**Source material:**
━━━━
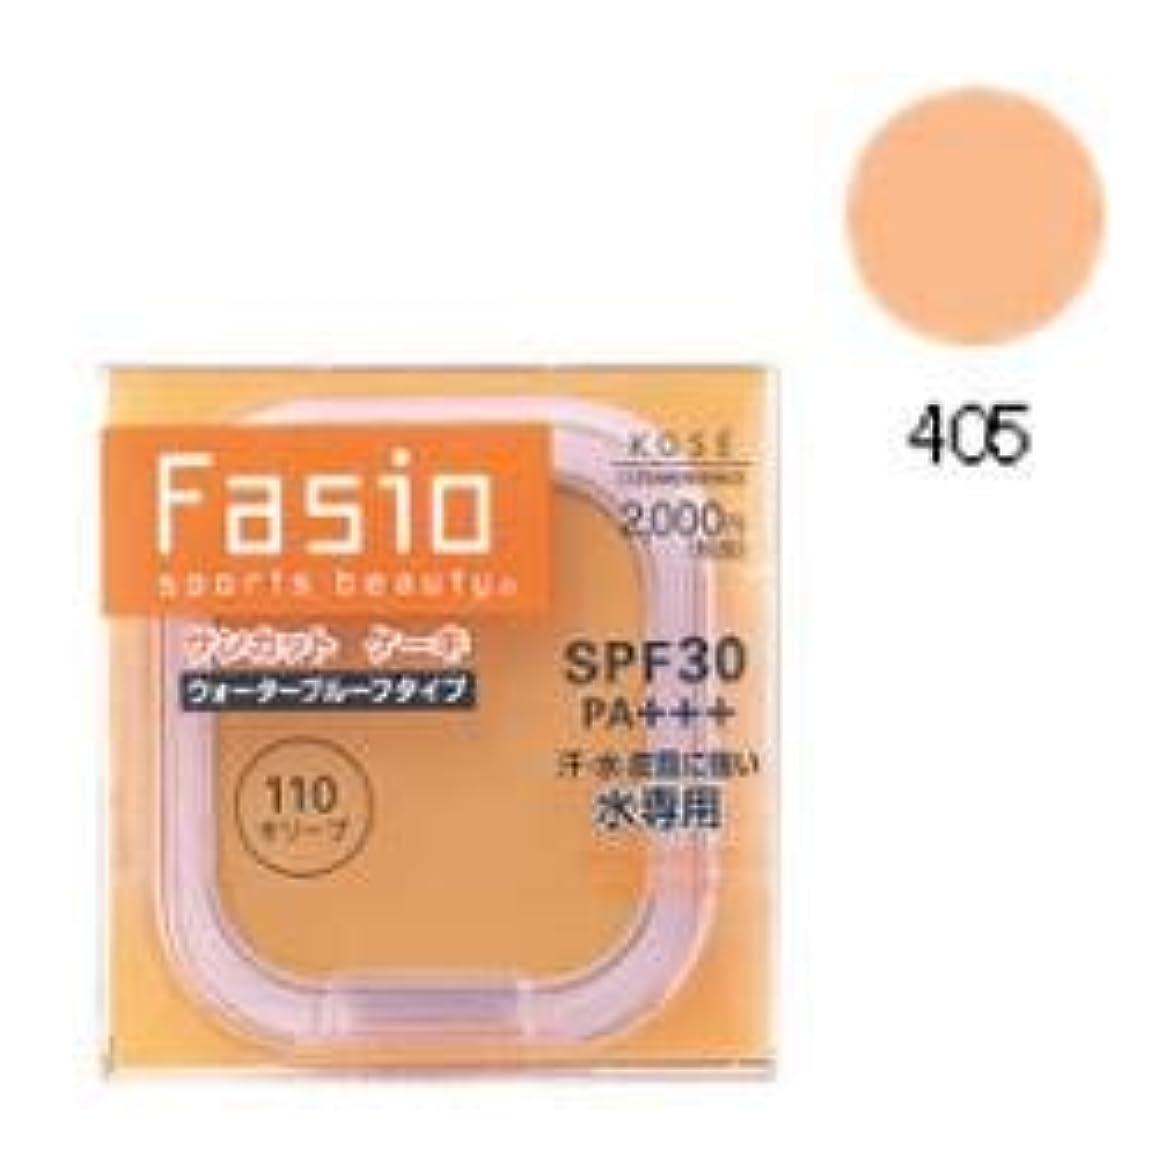 禁止エリート任意コーセー Fasio ファシオ サンカット ケーキ 詰め替え用 405
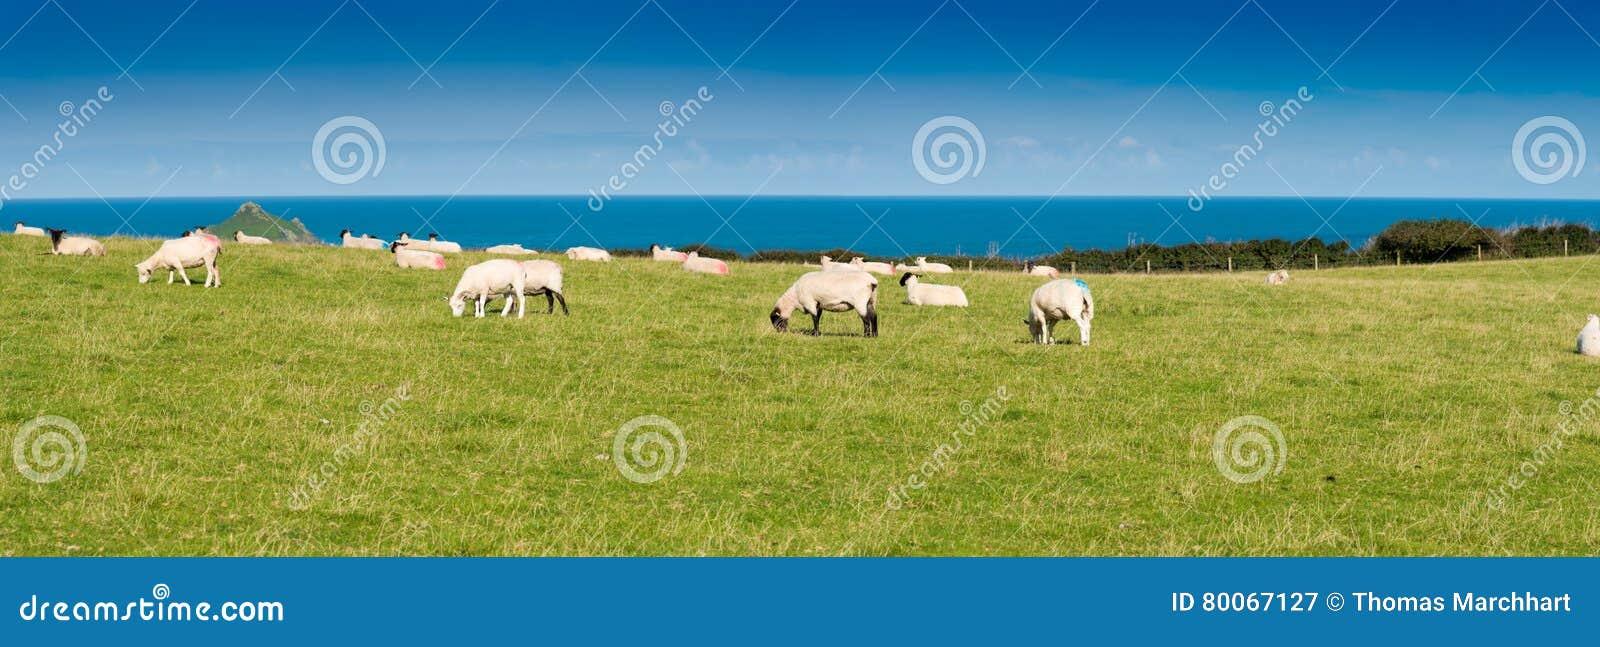 Flockas får
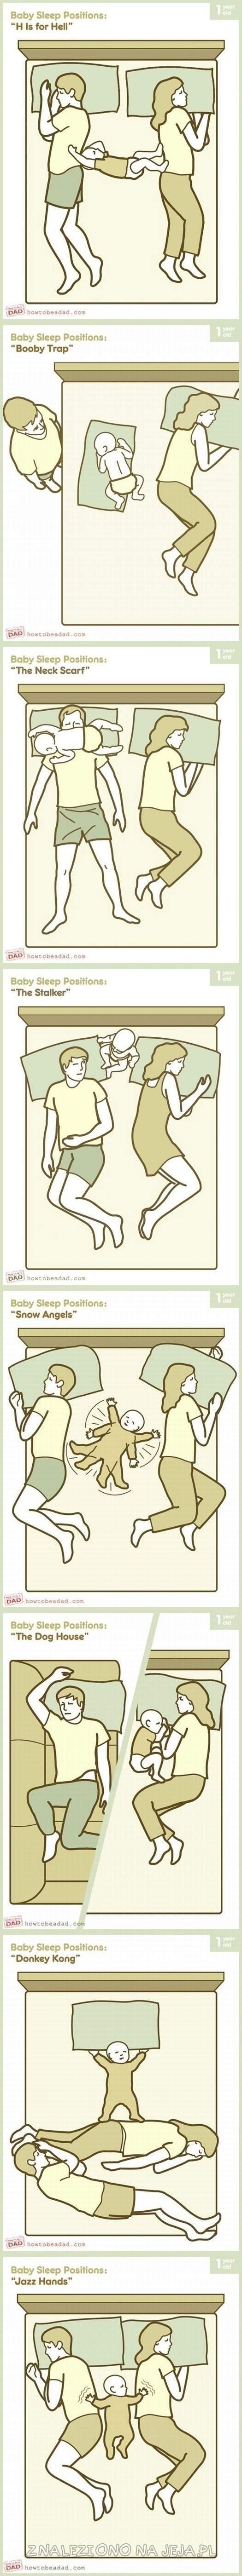 Pozycje dziecka śpiącego z rodzicami
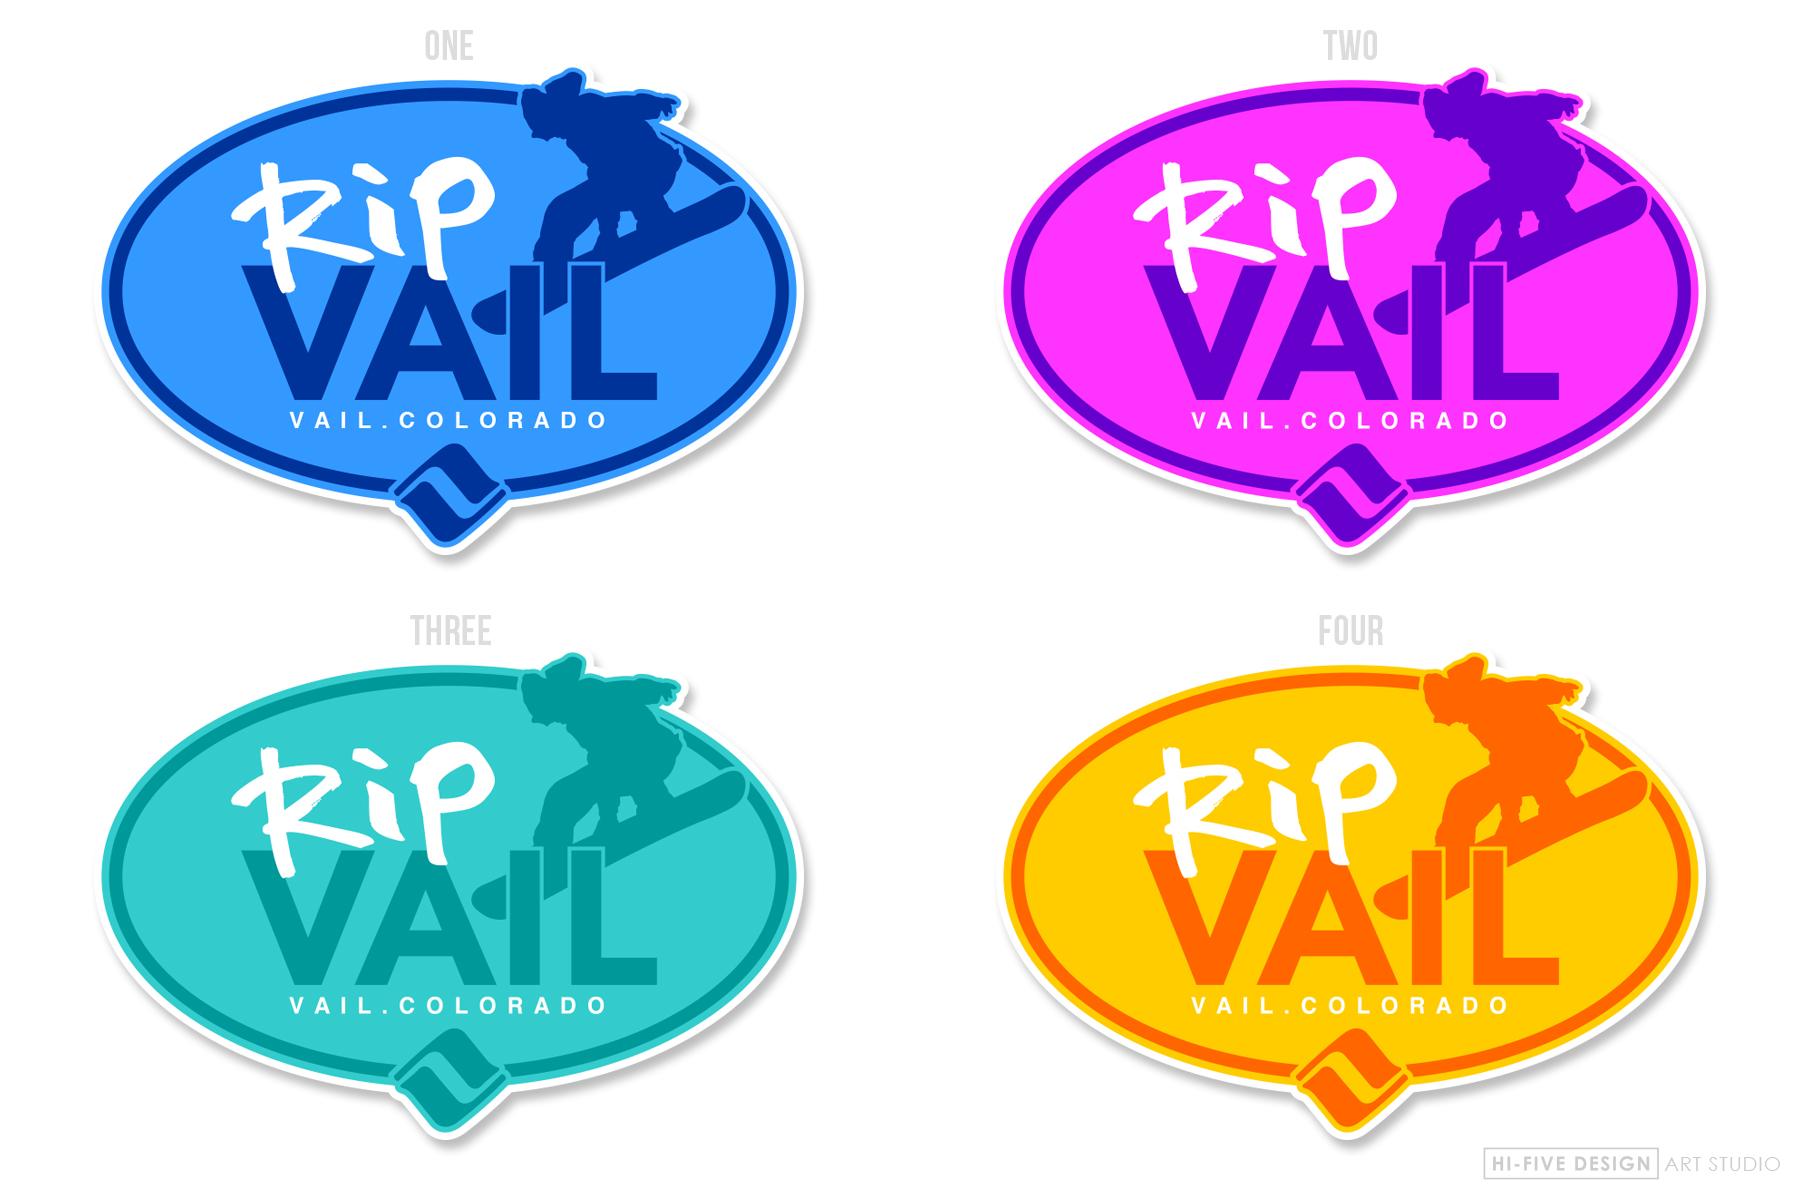 logo design colorado springs, graphic designer colorado springs, colorado logo, colorado design, sticker designer colorado springs, sticker designer denver, graphic designer colorado springs, graphic designer denver, artist colorado springs, artist denver
━━━━
**Your objective:**
Would you restate word for word only the lines from the line with "Flockas får" to the last line above, with the pictures left out?

**Exercise response:**
 Flockas får
 Pozycje dziecka śpiącego z rodzicami
 logo design colorado springs, graphic designer colorado springs, colorado logo, colorado design, sticker designer colorado springs, sticker designer denver, graphic designer colorado springs, graphic designer denver, artist colorado springs, artist denver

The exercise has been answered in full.